Cannon suggested that people may experience physiological reactions that are usually related to emotions (how does the beating heart relate to fear?) Without really feeling that emotion.
He also suggested that emotional responses occur too quickly to simply be the product of physical states. Cannon first proposed his theory in the 1920s, and his work was later developed by physiologist Philip Bard in the 1930s.
According to Cannon and Bard’s theory of emotion, do we experience emotions and physiological reactions?How to sweat, tremble and muscle tension at the same time.
Specifically, does this theory suggest that emotions occur during the thalamus, a part of our brain that is part of the processing of emotions?, sends a message to the brain in response to a stimulus, leading to a physiological reaction.
At the same time, the brain also receives signals that activate the emotional experience. Cannon and Bard’s theory suggests that the physical and psychological experience of emotion occurs at the same time, not that one causes the other.
Schachter-Singer’s theory of emotion was developed by Stanley Schachter and Jerome E. Singer. According to this theory, the element of reason plays an important role in how we feel emotions.
Schachter and Singer’s theory is based on both James-Lange’s theory and Cannon-Bard’s theory of emotion. As with James-Lange’s theory, Schachter and Singer’s theory suggests that people deduce emotion based on physiological responses.
So the situation is a critical factor, but people’s interpretation of it and the responses it generates in the body is even more important.
Schachter-Singer’s theory suggests that when an event generates physiological arousal, we try to find a reason for that excitement, so that we experience and label emotion.
As with Cannon-Bard’s theory, this theory also suggests that similar physiological responses can generate different emotions.
According to the theories of the evaluation of emotion, reflection must occur first, that is to say, before feeling the emotion, Richard Lazarus was a pioneer in this field of the study of emotions, that is why this theory is often known as the Lazarus Emotion Theory.
According to this theory, the sequence of events first involves a stimulus, followed by a thought, which then leads to a simultaneous experience of a physiological response and an emotion.
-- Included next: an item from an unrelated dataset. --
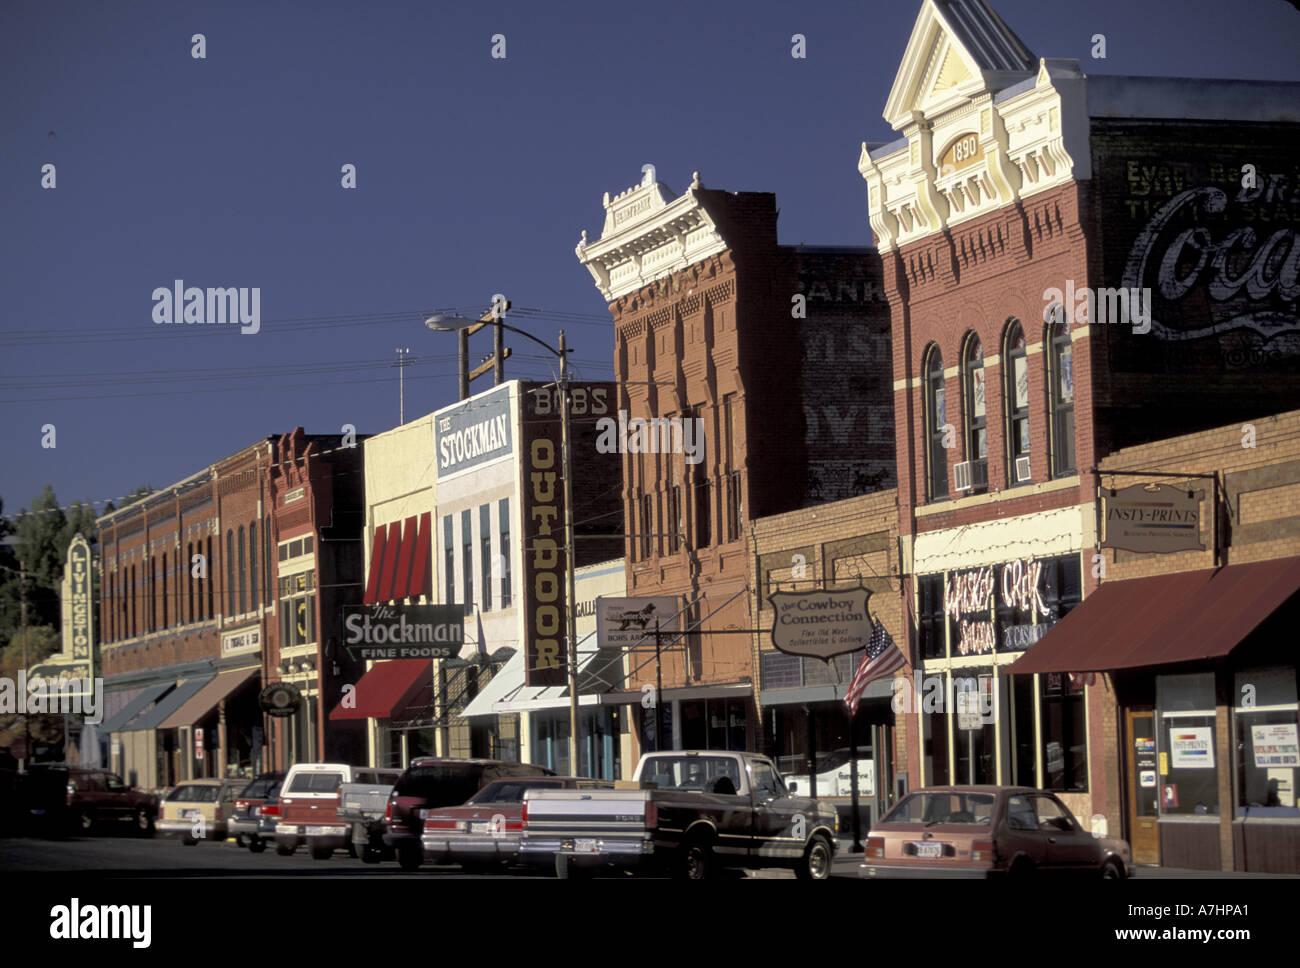 NA, USA, Montana, Livingston Western storefronts on Main Street; cowboy town; sunset - Stock Image

For example, if you encounter a bear in the forest, you can immediately begin to think you’re in danger, leading to an emotional experience of fear, and the physical reactions associated with this response are fighting or running.
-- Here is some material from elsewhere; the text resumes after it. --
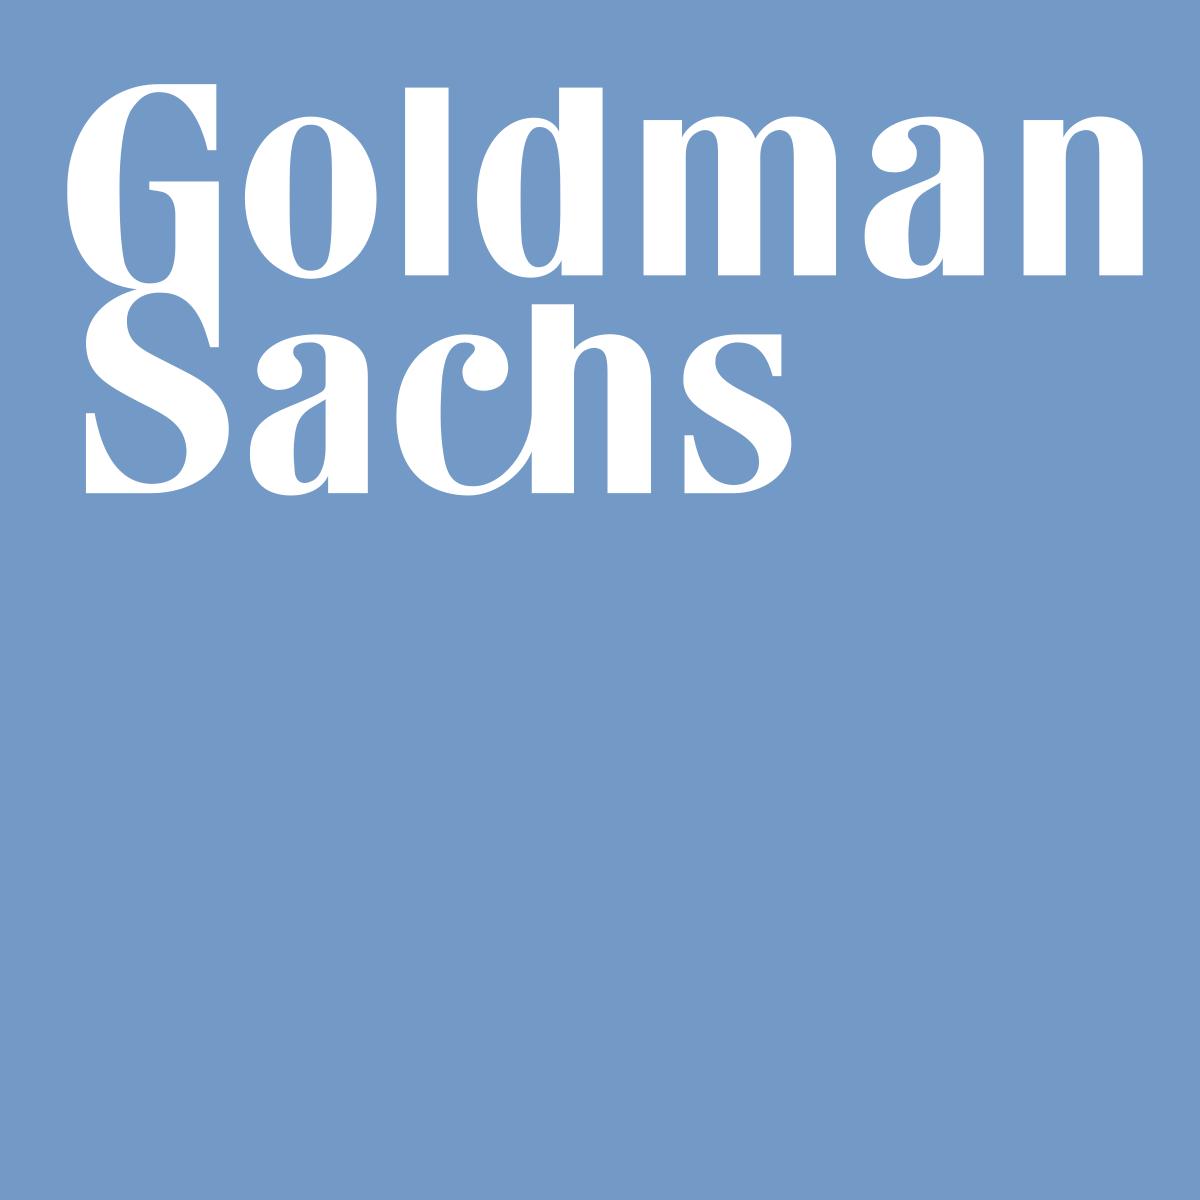 Goldman Sachs Santa Cruz, CA Nexus Wealth Advisors

Facial feedback theory states that facial movements can influence your emotional experience. Proponents of this theory suggest that emotions are directly related to changes in facial muscles.
For example, a person can improve their mood by simply smiling, just as it could make things worse by frowning, that is, the most surprising consequence of this theory is that it tells us that we can generate emotions by simply manipulating our face.
This can be done at any time voluntarily, replicating the most characteristic expressions of emotions when they occur unintendedly.
We can see that these theories do not necessarily eliminate others and can be combined. Charles Darwin was one of the first to suggest that physiological changes caused by emotion would have a direct impact on emotion, without simply a consequence of it.
Following this idea, William James proposed that, contrary to common belief, awareness of body changes triggered by a stimulus is what emotion would be.
Therefore, if we did not suffer bodily changes, there would only be intellectual thinking devoid of feeling or emotion. Was that possible?